Assistant de régulation médicale : un diplôme dès septembre !

Une formation diplômante est désormais obligatoire pour exercer la profession d’assistant de régulation médicale (ARM), afin de renforcer la qualité de la régulation médicale au sein des centres régulant les appels d’urgence médicale (SAMU-Centres 15).

Tout est parti de l'affaire Naomi Musenga. Victime d'une intoxication au paracétamol, la jeune femme de 22 ans avait composé le 15 en décembre 2017. Faute d’avoir été prise au sérieux par deux opératrices du Samu de Strasbourg, elle était décédée au CHU de Strasbourg, cinq heures après son appel.
 
Mise en cause à la suite du drame, la profession d'assistant de régulation médicale (ARM) devait faire l’objet d’une réforme. Agnès Buzyn avait annoncé qu’elle créerait un diplôme pour les ARM censé être opérationnel dès le 1er septembre 2019.

 
C’est désormais chose faite depuis l’entrée en vigueur du décret n° 2019-747 du 19 juillet 2019, relatif au diplôme d'ARM et à l'agrément des centres de formation d'ARM. Le décret fixe le cadre général de la formation, les conditions d'admission en formation et les blocs de compétences à valider pour l'obtention du diplôme.

Le diplôme donnera le droit d'exercer dans les centres de réception et de régulation des appels des services d'aide médicale urgente. 

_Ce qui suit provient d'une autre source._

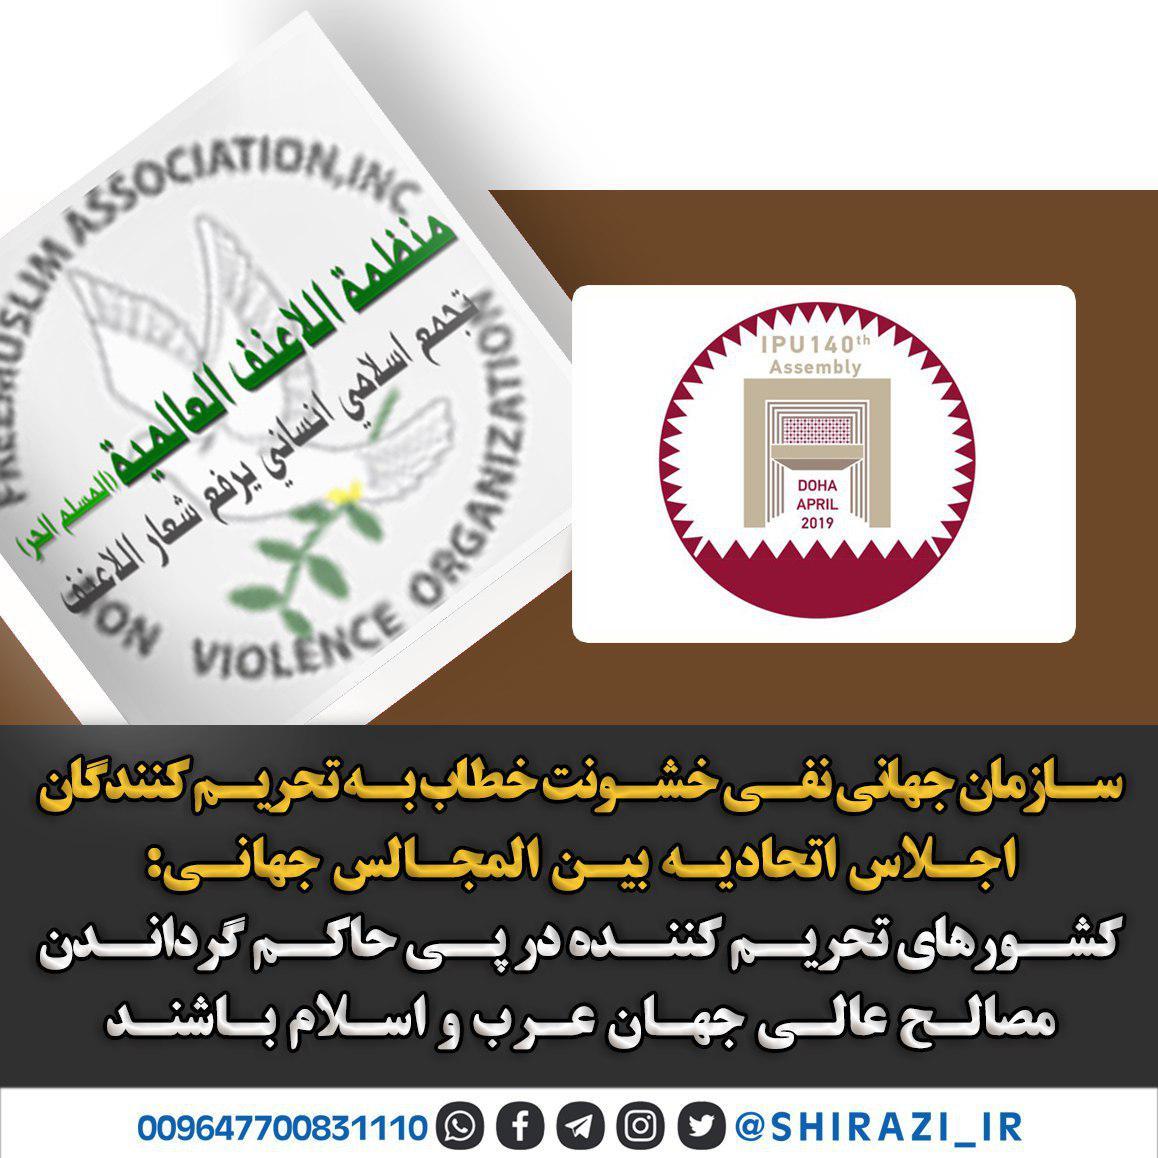 تصویر مسلمان آزاده: تحریم کنندگان اجلاس اتحادیهبین المجالس مصالح جهان عرب و اسلام را در نظر بگیرند
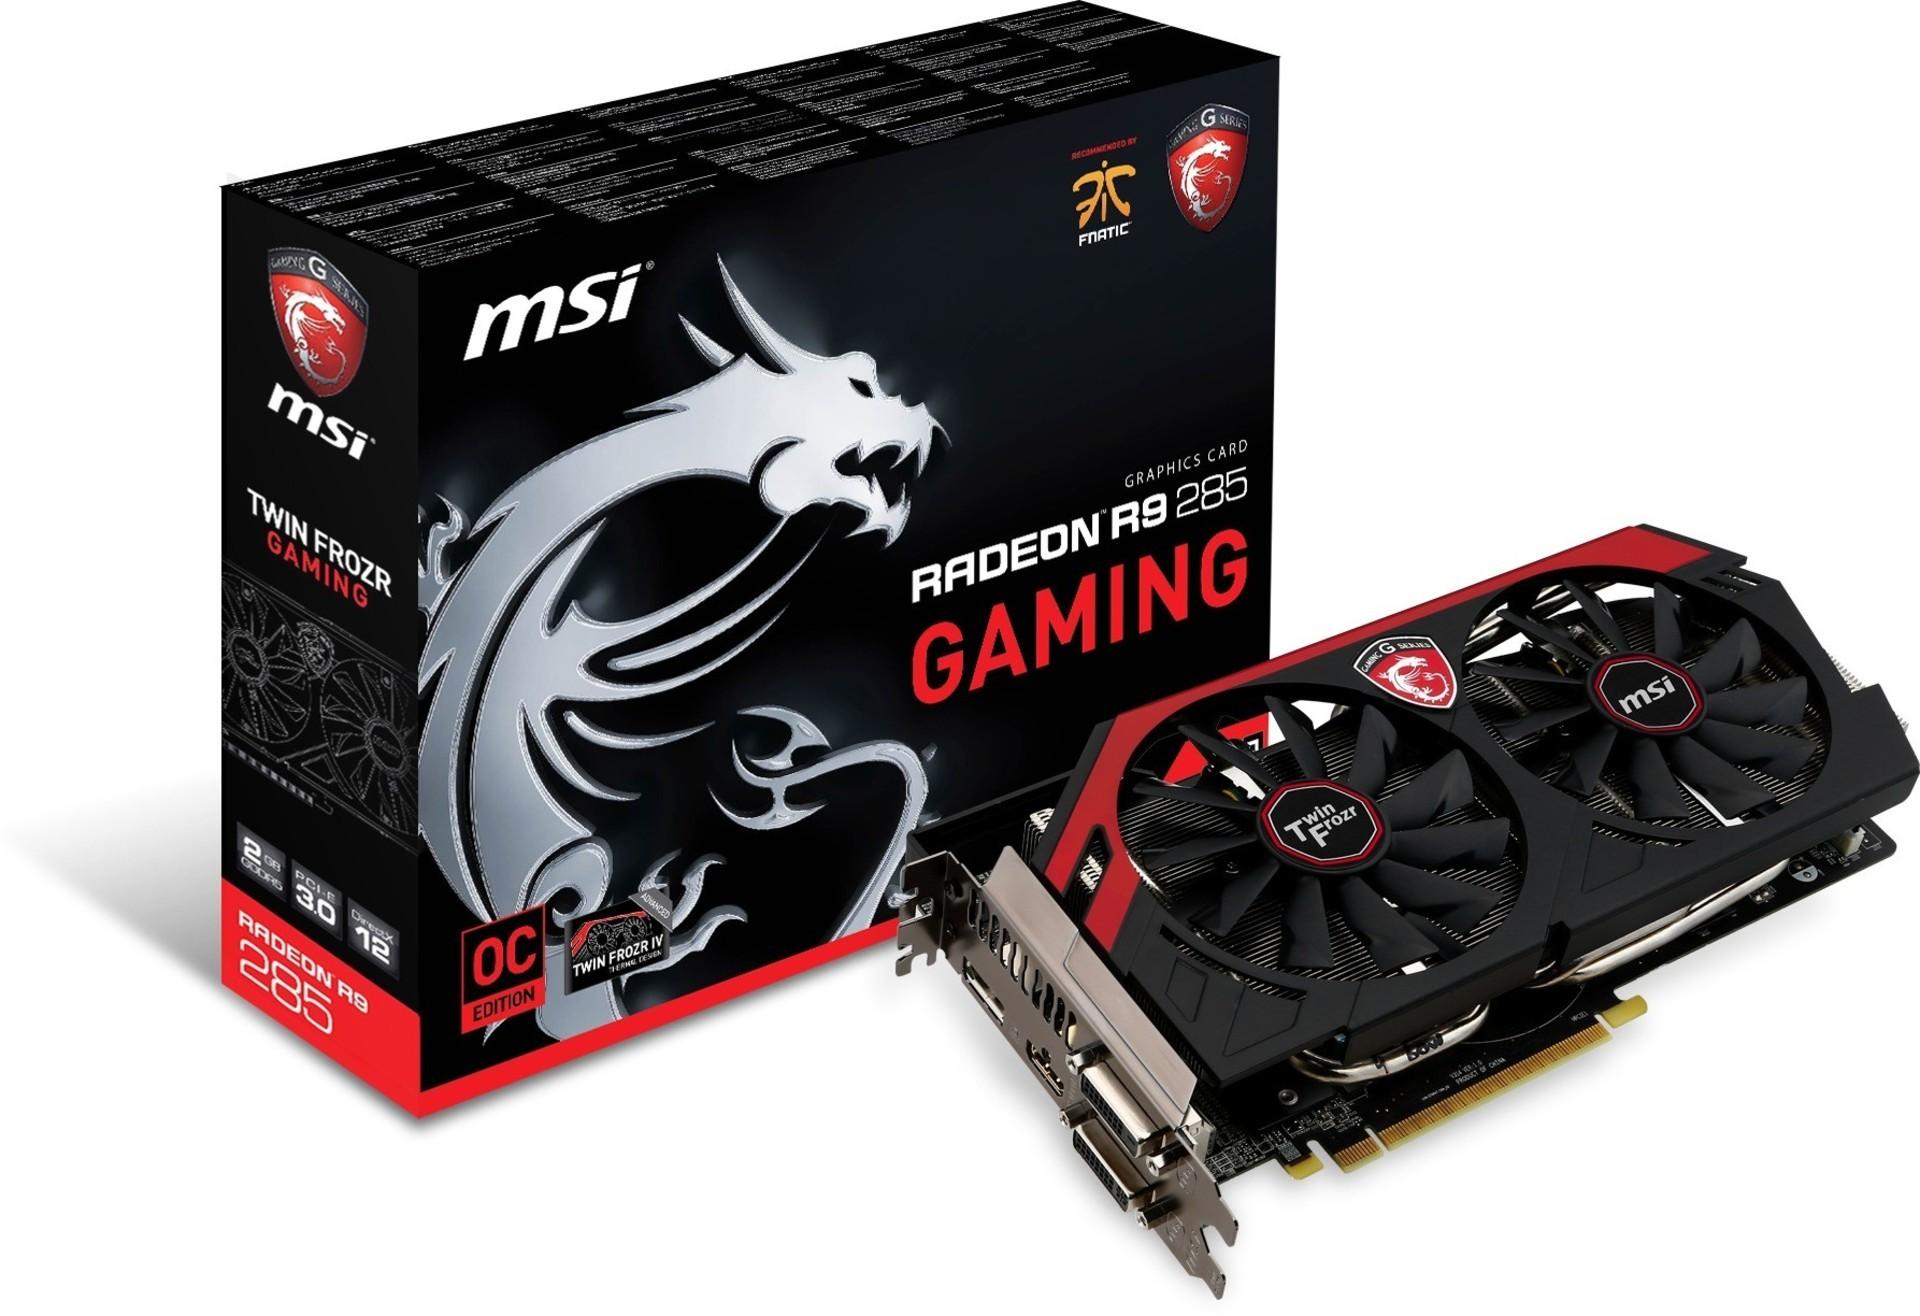 MSI-R9-285-GAMING-2G

Quatre blocs de compétences

Il sera constitué de quatre blocs de compétences :
- traitement d'un appel dans les centres de réception et de régulation des appels installés dans les services d'aide médicale d'urgence;
- mobilisation et suivi des moyens opérationnels nécessaires au traitement de la demande sur décision médicale;
- traitement des informations associées à la régulation, à la qualité, à la sécurité et à la vie du service;
-  appui à la gestion des moyens lors de la mise en œuvre des dispositifs prévisionnels de secours, en situation dégradée et en situation sanitaire exceptionnelle.
 
D’une durée d’un an, la formation comportera 1 470 heures d'enseignement, sur la base de 35 heures par semaine, dont 735 heures de formation théorique réparties en modules de formation et 735 heures de formation pratique (stages et situations simulées).
 
Assurée par dix centres agréés par le ministère chargé de la santé, la formation est accessible par la formation initiale, la formation continue et la validation des acquis de l’expérience. L’accès par la voie de l’apprentissage est également prévu.